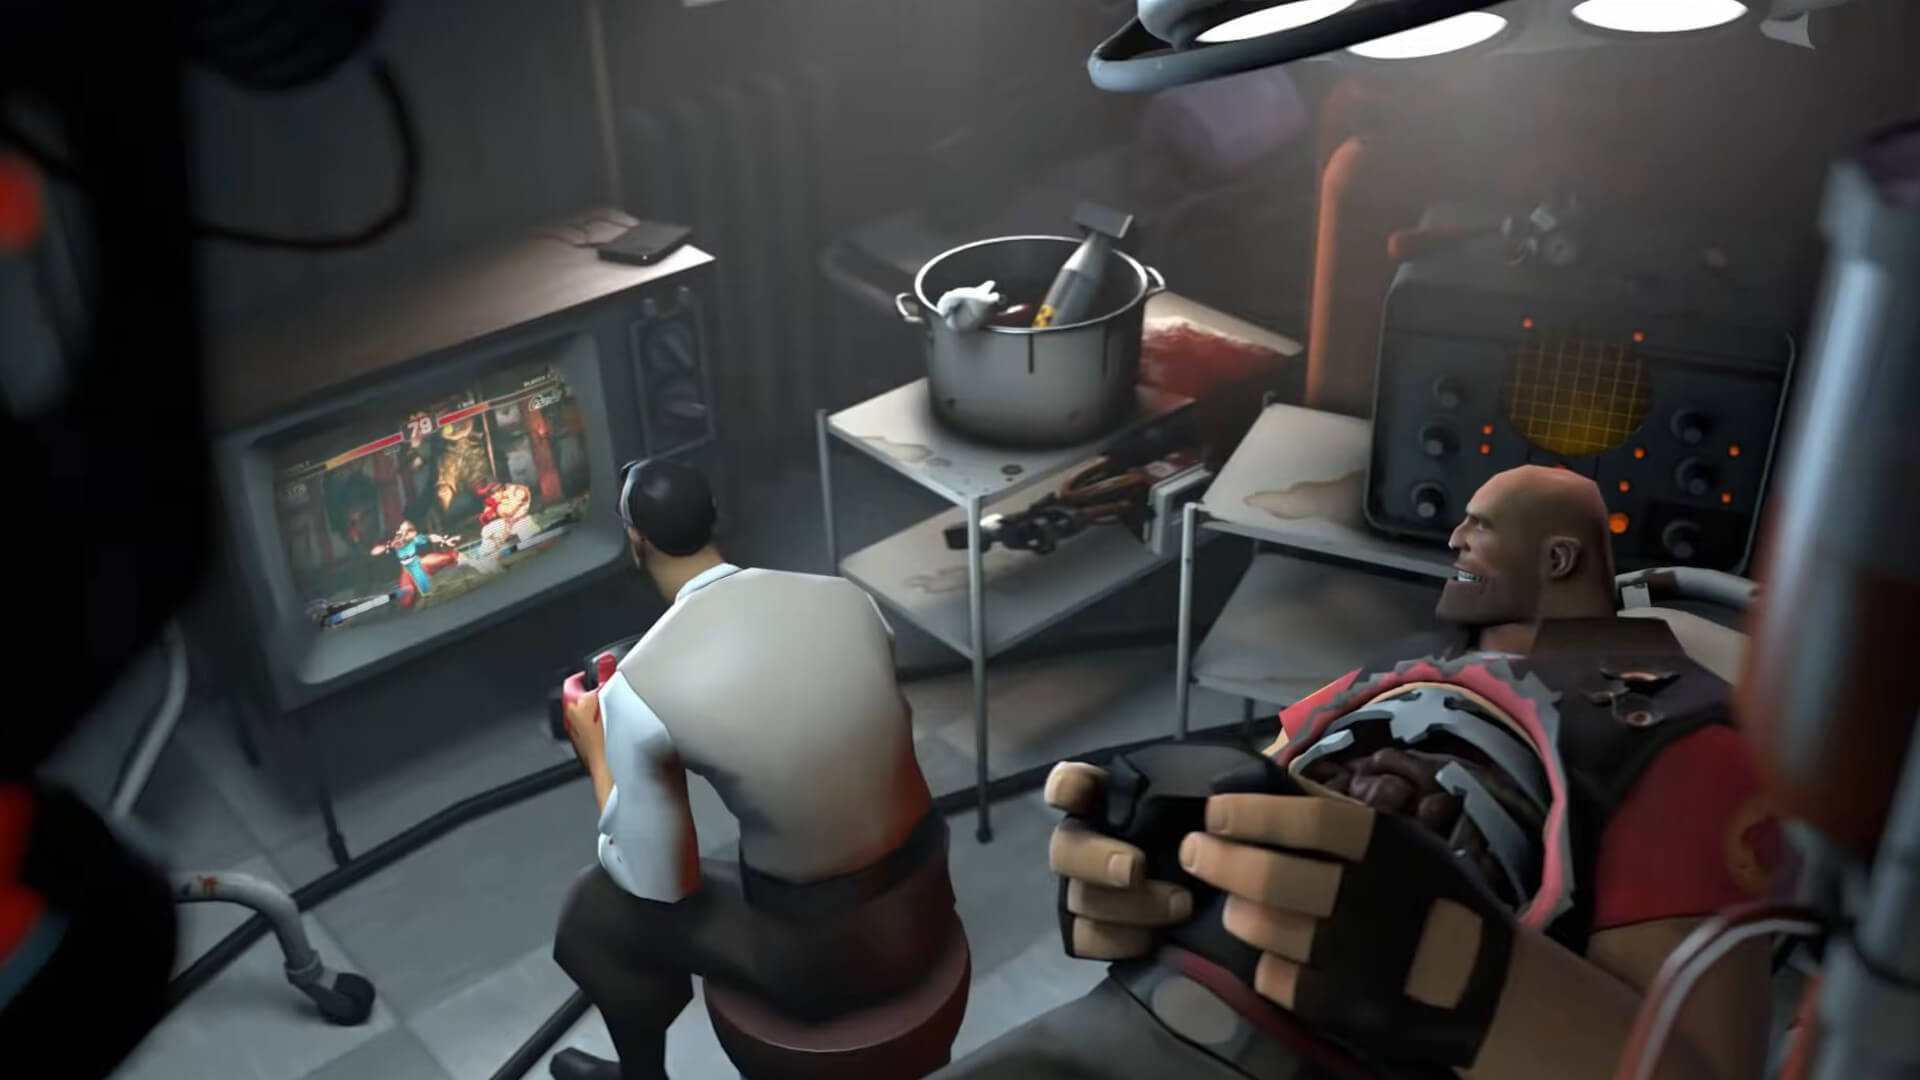 The Heavy and the Medic playing a game together on a Steam Link device to illustrate Steam Direct
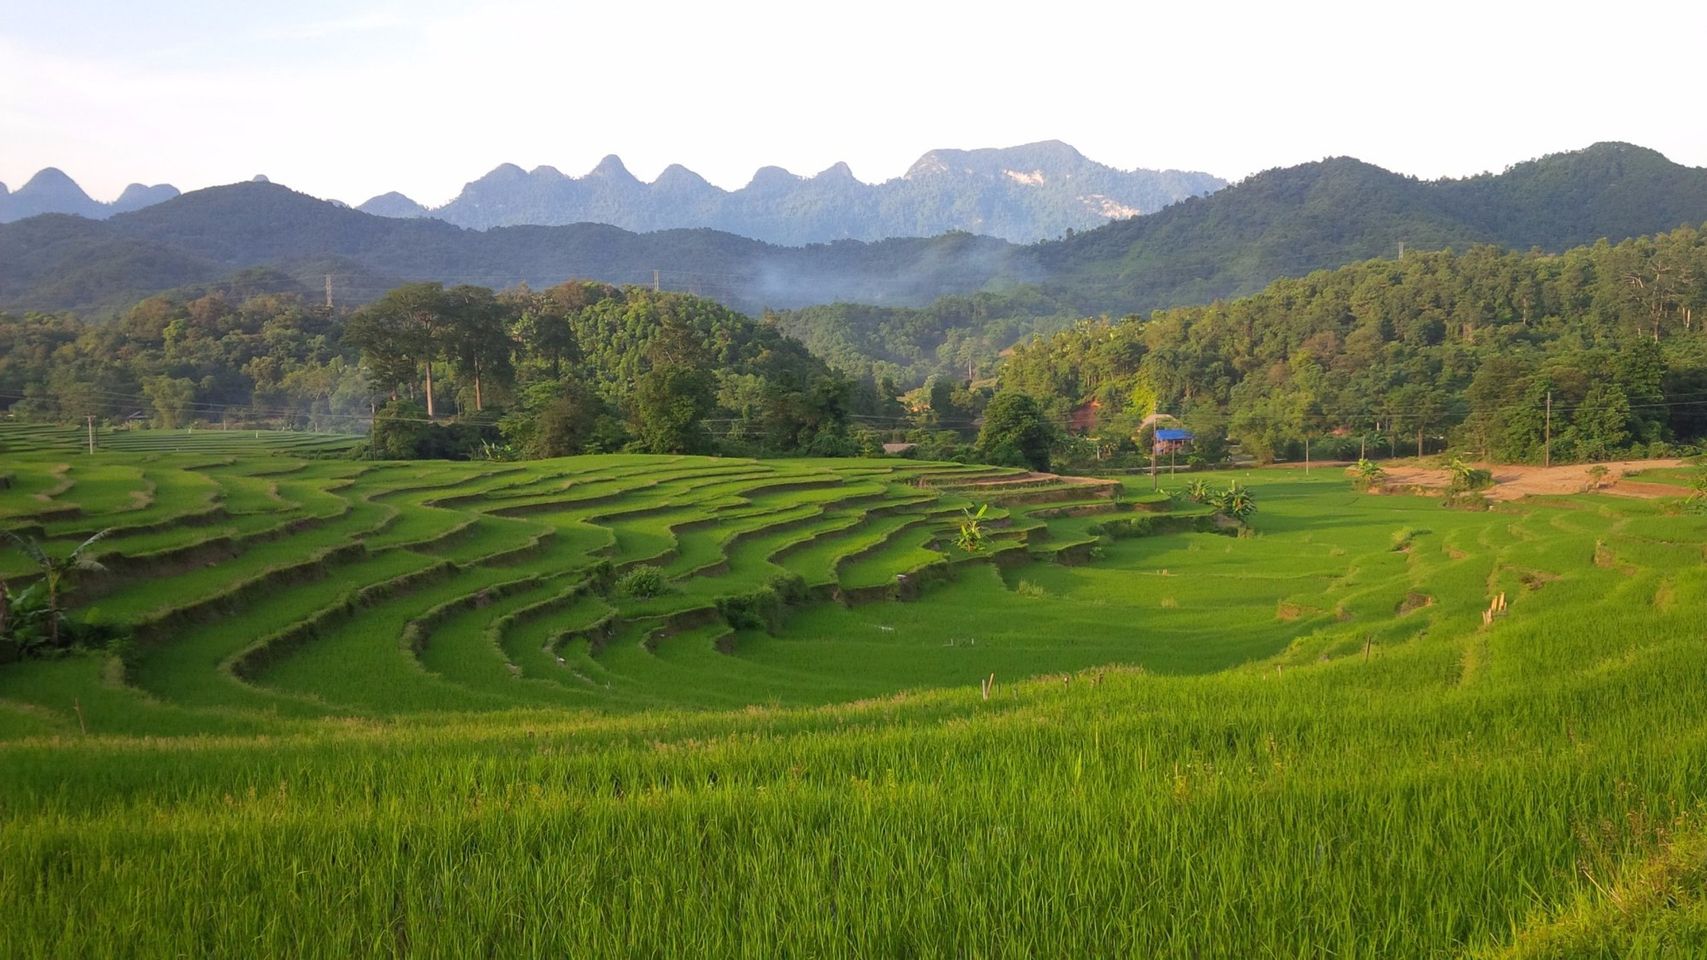 another terraced rice field
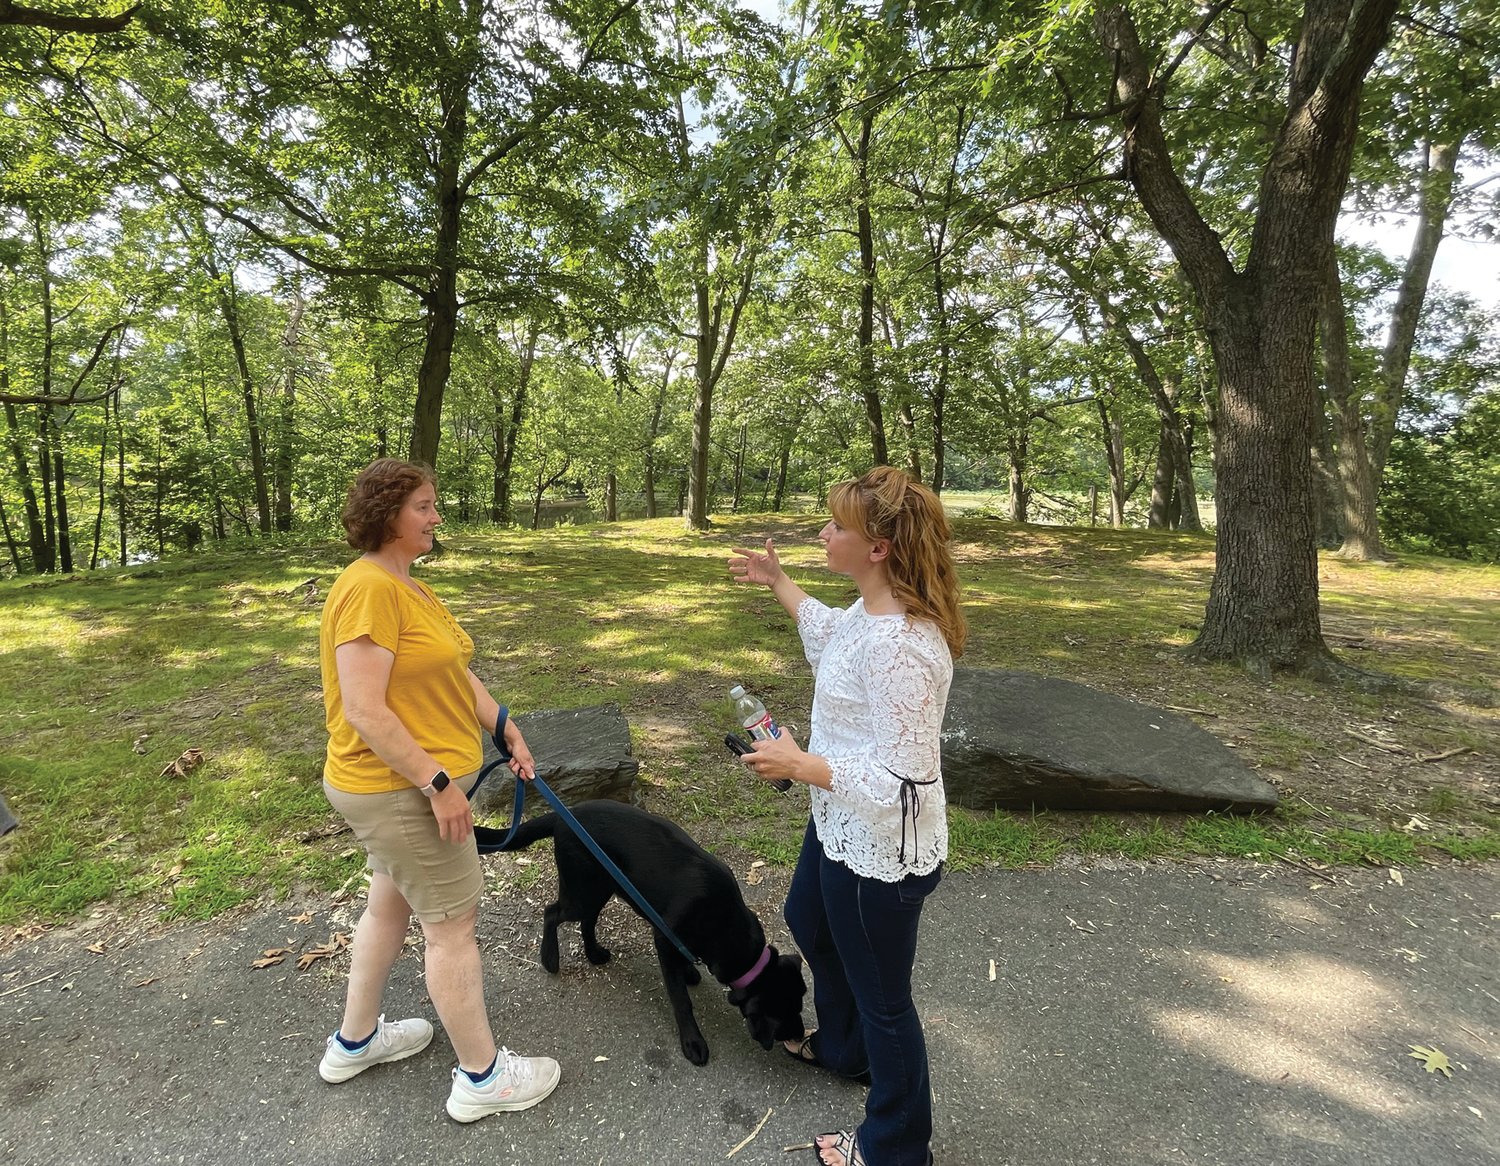 MEETING IN THE PARK: State Rep. Barbara Ann Fenton-Fung chats with Gail Bennett, a resident of the Meshanticut Park area, during a summer walk around the loop.
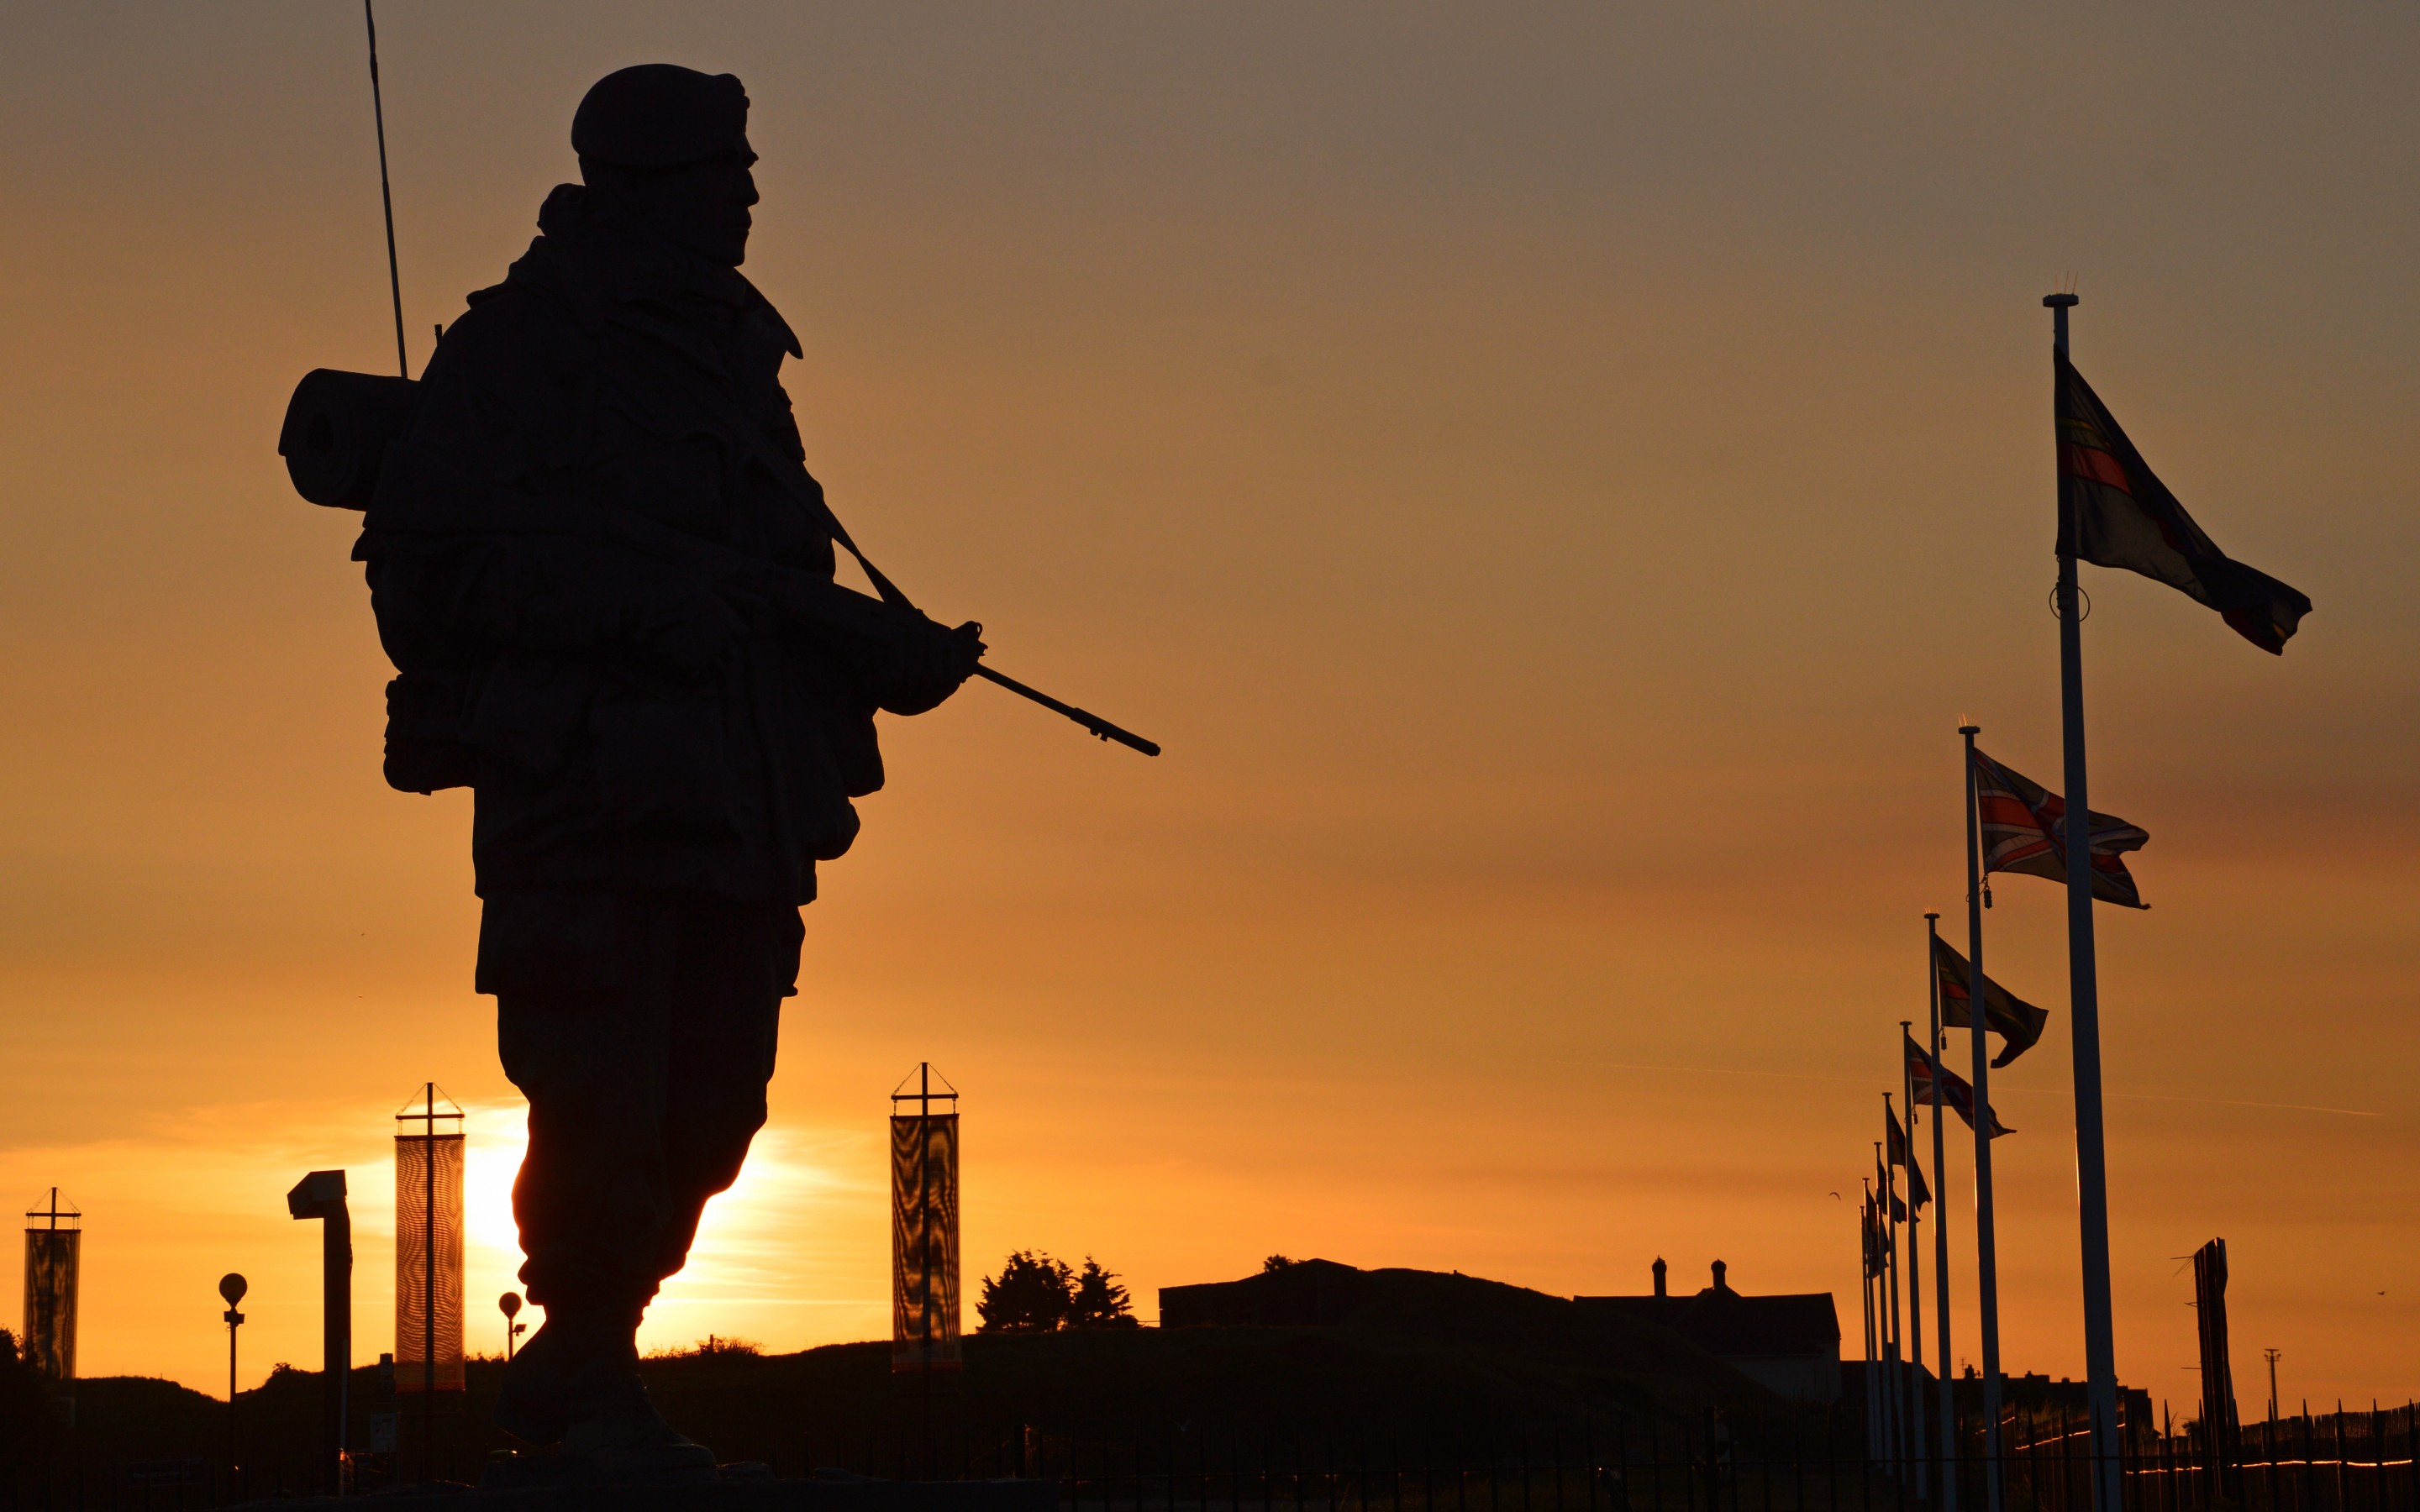 sun, Sunset, Silhouette, Commandos, Soldiers, Weapons, Equipment, Royal, Marines, Uk, Military Wallpaper HD / Desktop and Mobile Background

-------

**PROBLEM DESCRIPTION**
Pictures aside, retype the material exactly.

**YOUR SOLUTION**
 The Heavy and the Medic playing a game together on a Steam Link device to illustrate Steam Direct
 another terraced rice field
 MEETING IN THE PARK: State Rep. Barbara Ann Fenton-Fung chats with Gail Bennett, a resident of the Meshanticut Park area, during a summer walk around the loop.
 sun, Sunset, Silhouette, Commandos, Soldiers, Weapons, Equipment, Royal, Marines, Uk, Military Wallpaper HD / Desktop and Mobile Background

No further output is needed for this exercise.